Skills are modular instruction packages that give AI agents domain expertise they don't have out of the box. Each skill includes a SKILL.md (instructions + workflows), Python CLI tools, and reference documentation — everything the agent needs to perform like a specialist.

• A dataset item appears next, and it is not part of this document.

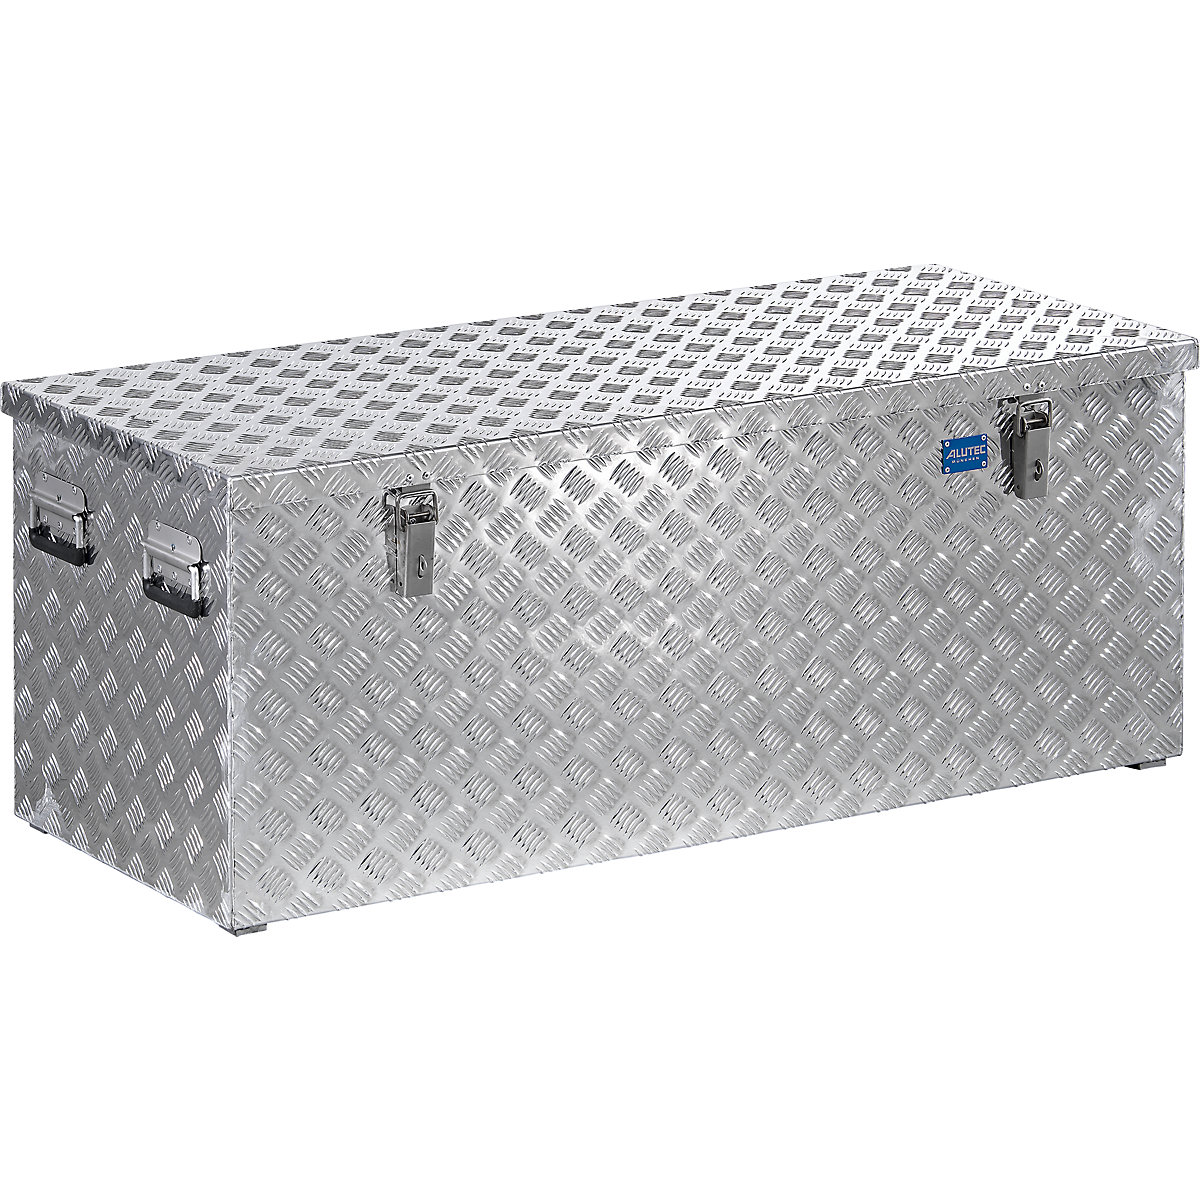 Aluminijski transportni kovčeg s rebrastim limom, s plinskim prigušnikom, volumen 312 l-16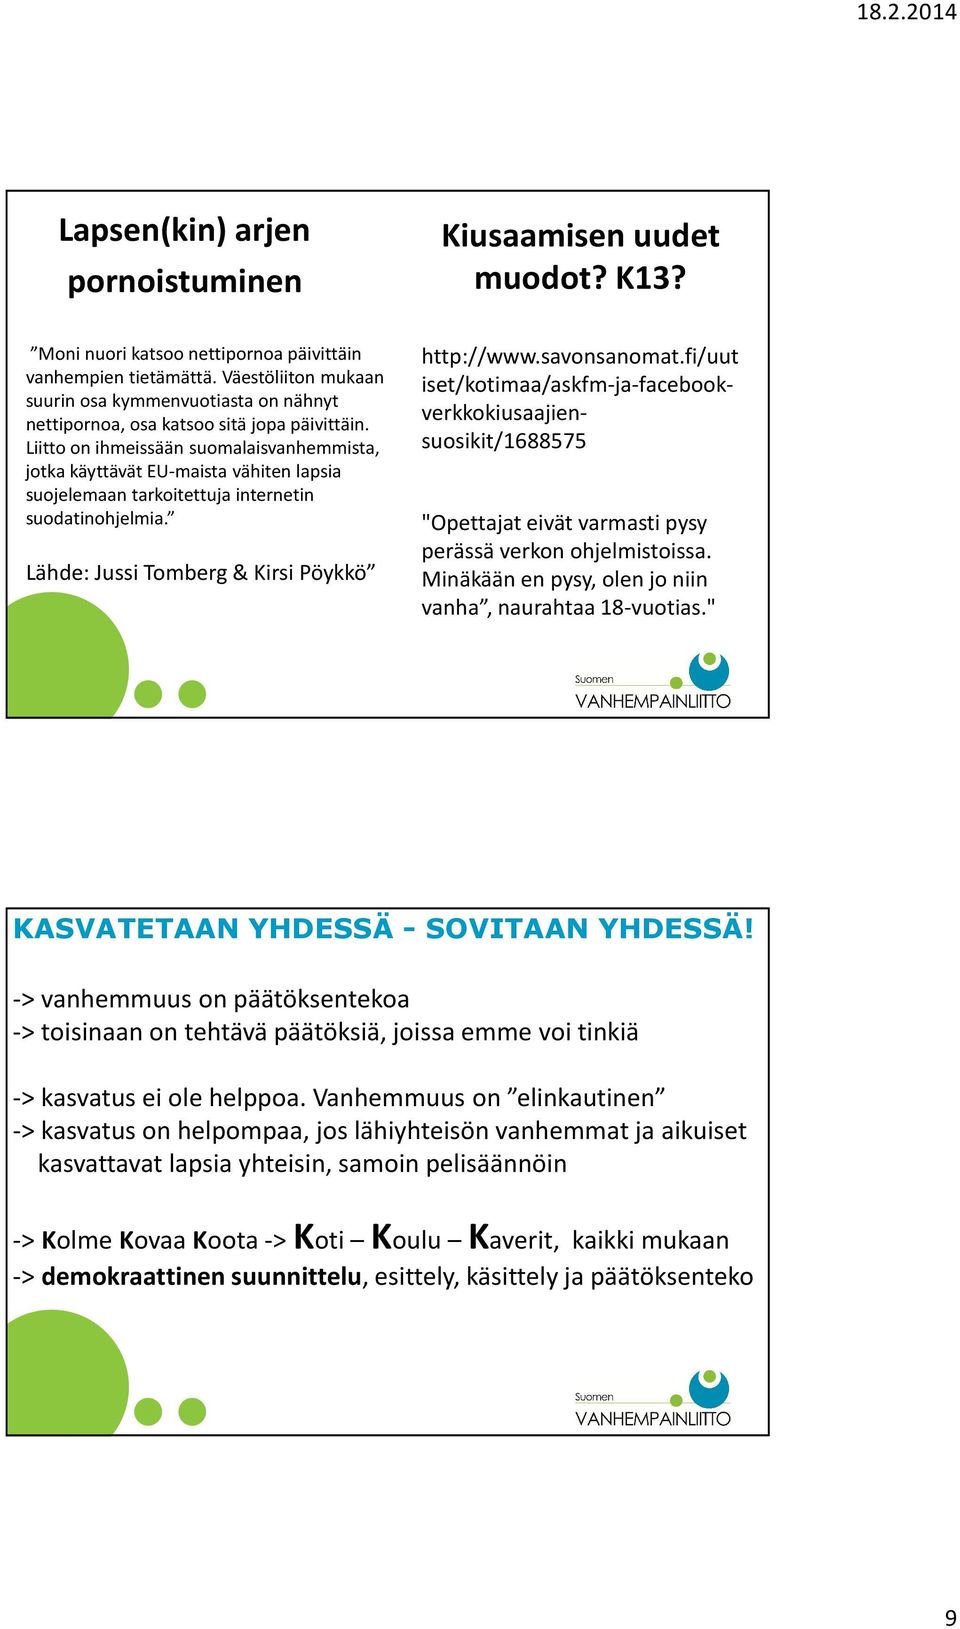 Liitto on ihmeissään suomalaisvanhemmista, jotka käyttävät EU-maista vähiten lapsia suojelemaan tarkoitettuja internetin suodatinohjelmia. Lähde: Jussi Tomberg & Kirsi Pöykkö http://www.savonsanomat.

One repo, three platforms: Works natively with Claude Code, OpenAI Codex, and OpenClaw.
Quick Install
Claude Code (Recommended)
# Add the marketplace
/plugin marketplace add alirezarezvani/claude-skills
# Install by domain
/plugin install engineering-skills@claude-code-skills # 21 core engineering
/plugin install engineering-advanced-skills@claude-code-skills # 25 POWERFUL-tier
/plugin install product-skills@claude-code-skills # 8 product skills
/plugin install marketing-skills@claude-code-skills # 42 marketing skills
/plugin install ra-qm-skills@claude-code-skills # 12 regulatory/quality
/plugin install pm-skills@claude-code-skills # 6 project management
/plugin install c-level-skills@claude-code-skills # 10 C-level advisory (full C-suite)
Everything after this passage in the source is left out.